Why does this asymmetry exist?
Backward compatibility, and because the relationship between copying and moving is already asymmetrical. The definition of MoveConstructible is a special case of CopyConstructible, meaning that all CopyConstructible types are also MoveConstructible types. That's true because a copy constructor taking a reference-to-const will handle rvalues as well as lvalues.
A copyable type can be initialized from rvalues without a move constructor (it just might not be as efficient as it could be with a move constructor).
A copy constructor can also used to perform a "move" in implicitly-defined move constructors of derived classes when moving the base sub-object.
So a copy constructor can be seen as a "degenerate move constructor", so if a type has a copy constructor it doesn't strictly need a move constructor, it is already MoveConstructible, so simply not declaring the move constructor is acceptable.
The opposite is not true, a movable type is not necessarily copyable, e.g. move-only types. In those cases, making the copy constructor and assignment deleted provides better diagnostics than just not declaring them and getting errors about binding lvalues to rvalue references.
Why not just specify that if a move operation is declared, no copy operations will be declared?
Better diagnostics and more explicit semantics. "Defined as deleted" is the C++11 way to clearly say "this operation is not allowed", rather than just happening to be omitted by mistake or missing for some other reason.

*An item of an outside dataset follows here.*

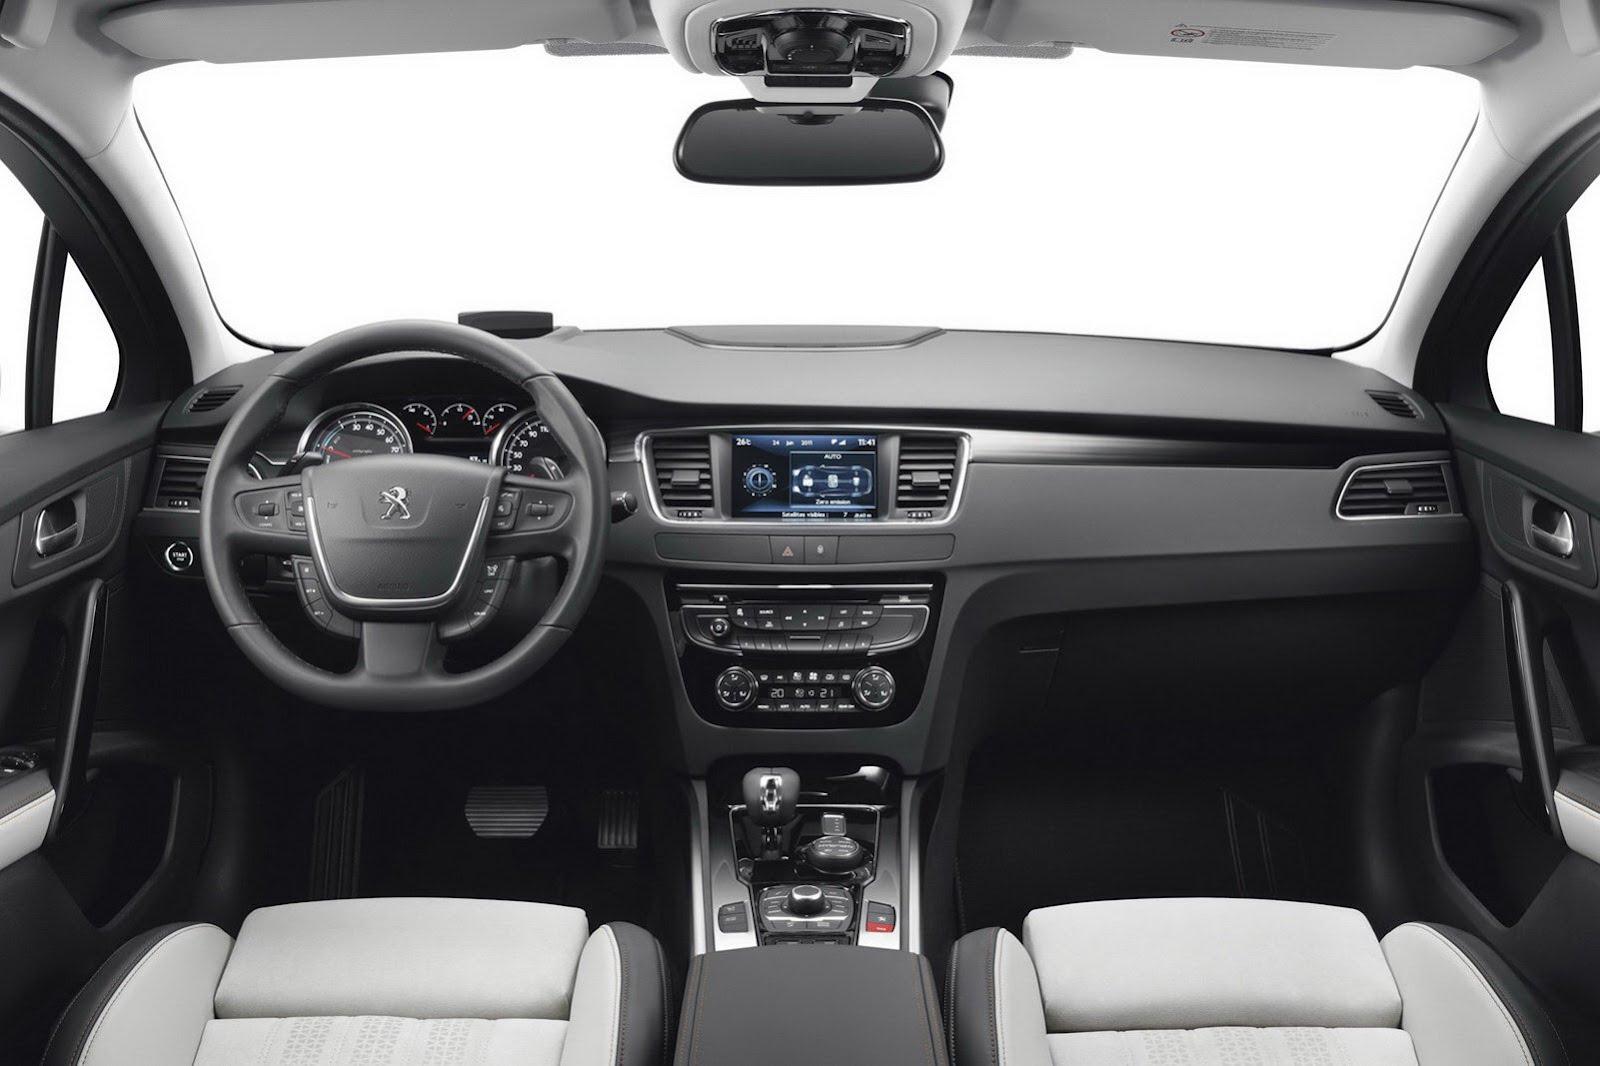 [Resim: 2012-Peugeot-508-Hybrid4-Full-Hybrid-Die...mgmax=1800]

The special case of "not declared" for move constructors and move assignment operators is unusual and is special because of the asymmetry described above, but special cases are usually best kept for a few narrow cases (it's worth noting here that "not declared" can also apply to the default constructor).
Also worth noting is that one of the paragraphs you refer to, [class.copy] p7, says (emphasis mine):
If the class definition does not explicitly declare a copy constructor, one is declared implicitly. If the class definition declares a move constructor or move assignment operator, the implicitly declared copy constructor is defined as deleted; otherwise, it is defined as defaulted (8.4). The latter case is deprecated if the class has a user-declared copy assignment operator or a user-declared destructor.
"The latter case" refers to the "otherwise, it is defined as defaulted" part. Paragraph 18 has similar wording for the copy assignment operator.
So the intention of the committee is that in some future version of C++ other types of special member function will also cause the copy constructor and copy assignment operator to be deleted. The reasoning is that if your class needs a user-defined destructor then the implicitly-defined copy behaviour is probably not going to do the right thing. That change hasn't been made for C++11 or C++14 for backward compatibility reasons, but the idea is that in some future version to prevent the copy constructor and copy assignment operator being deleted you will need to declare them explicitly and define them as defaulted.
So deleting copy constructors if they might not do the right thing is the general case, and "not declared" is a special case just for move constructors, because the copy constructor can provide the degenerate move anyway.